** PROVIDED MATERIAL follows **
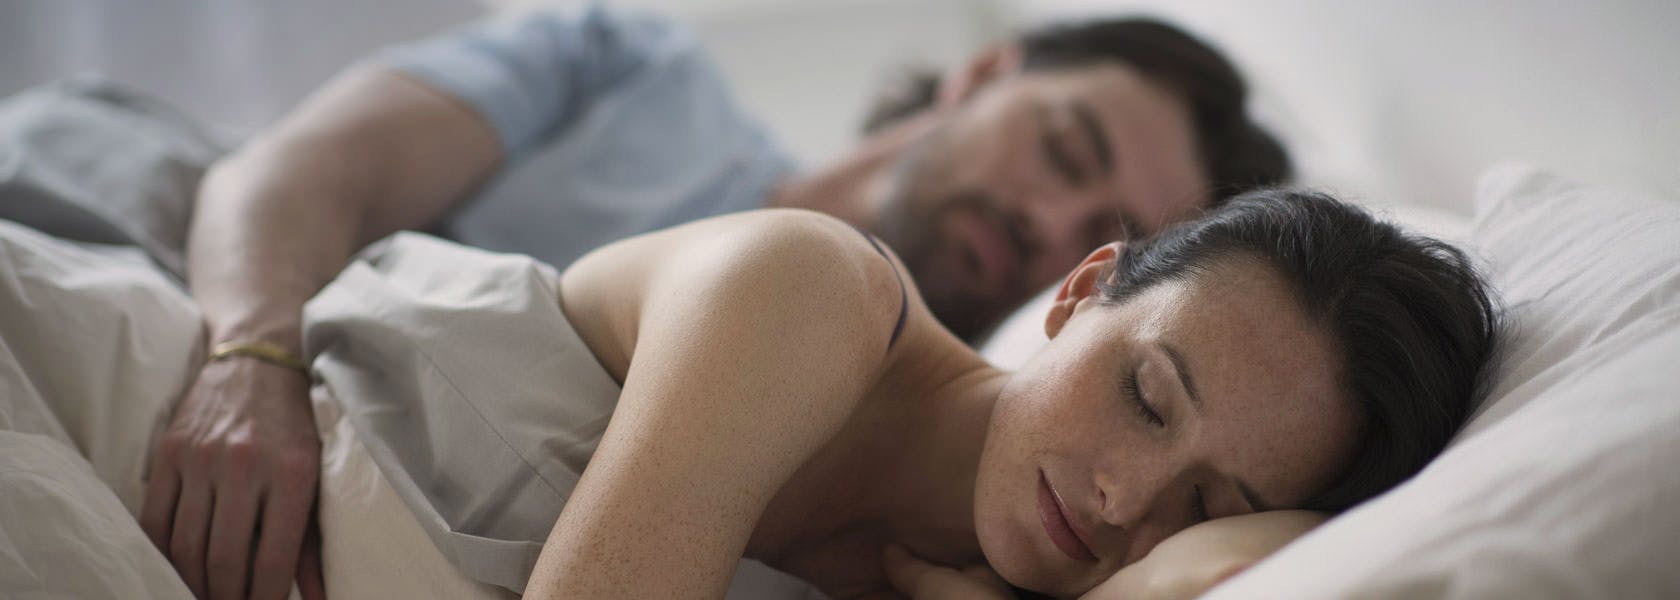 Bedre søvn bekjemper influensa og forkjølelse
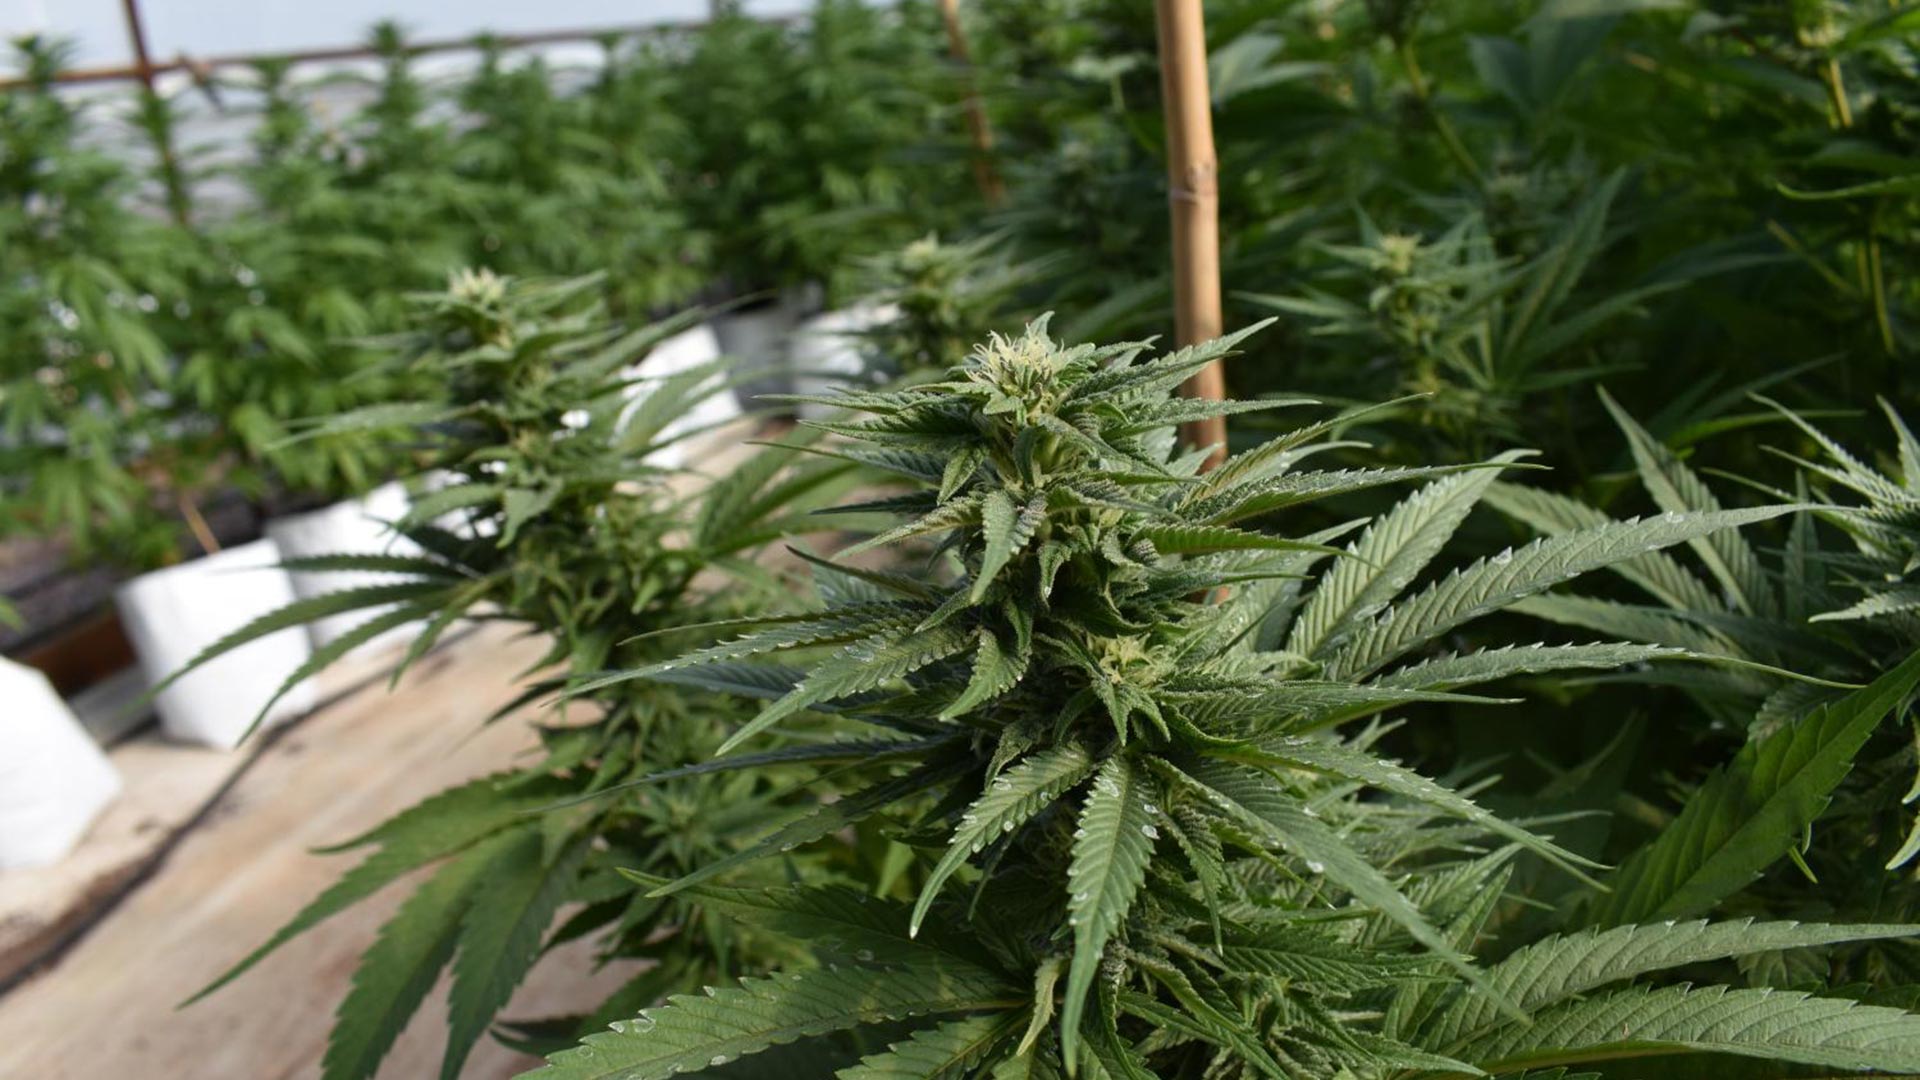 Organic marijuana being grown at an Arizona farm for processing into medical marijuana vapor fluids and pills.
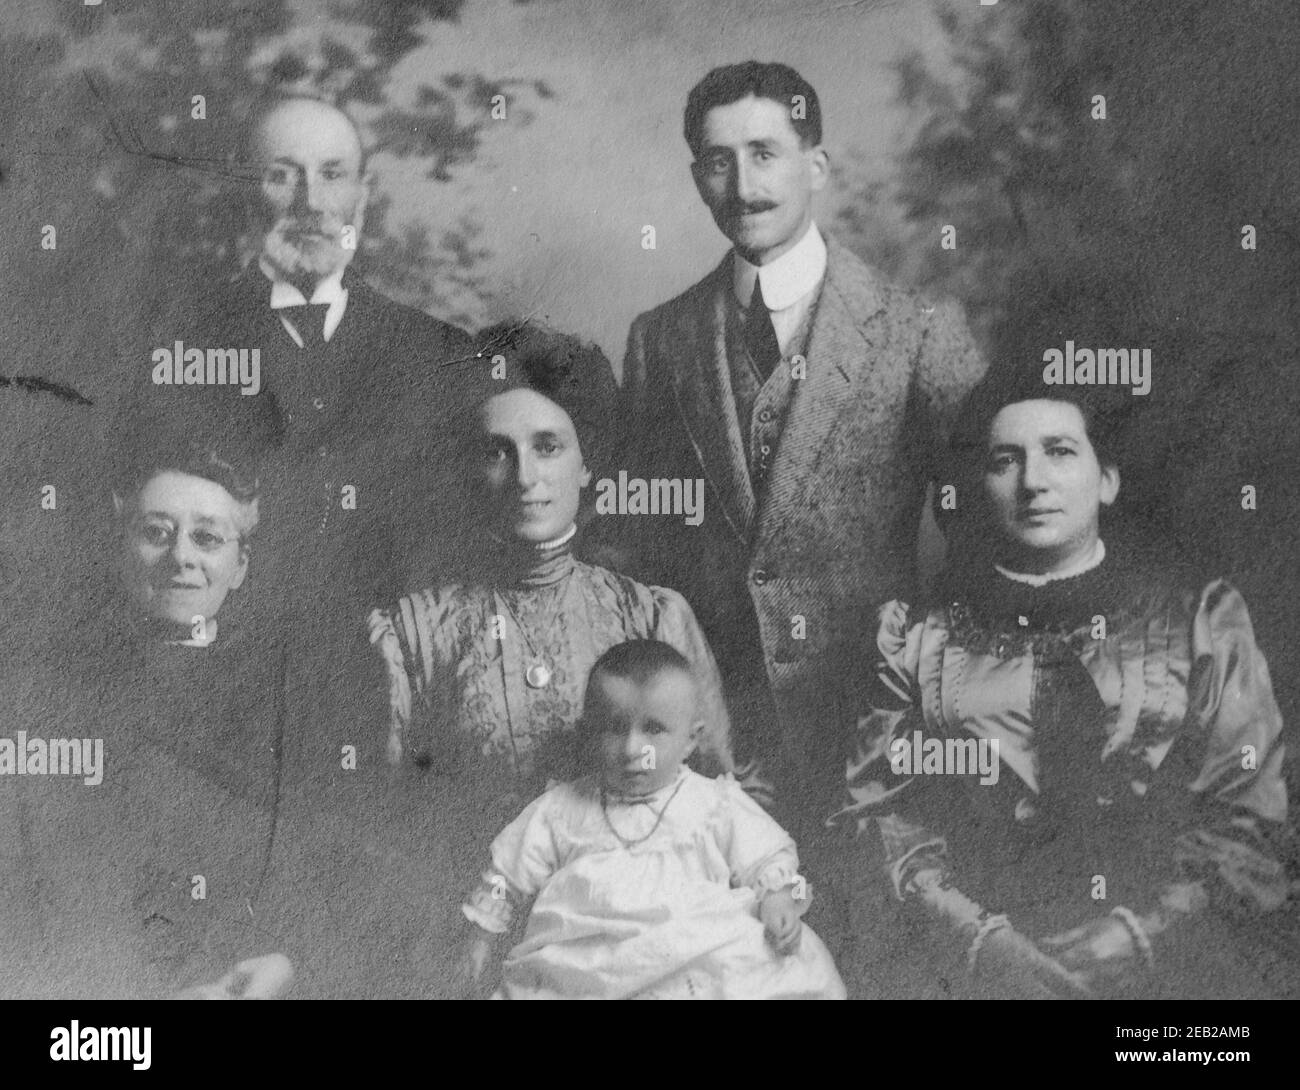 Fotografia monocromatica d'epoca di una famiglia di tre generazioni risalente ai primi anni del 1900, era edoardiana. Foto Stock
** End of PROVIDED MATERIAL **
# WHAT IS NEEDED
Restate the listing above word for word and skip each picture.

# RESPONSE TO THIS EXERCISE
 Bedre søvn bekjemper influensa og forkjølelse
 Organic marijuana being grown at an Arizona farm for processing into medical marijuana vapor fluids and pills.
 Fotografia monocromatica d'epoca di una famiglia di tre generazioni risalente ai primi anni del 1900, era edoardiana. Foto Stock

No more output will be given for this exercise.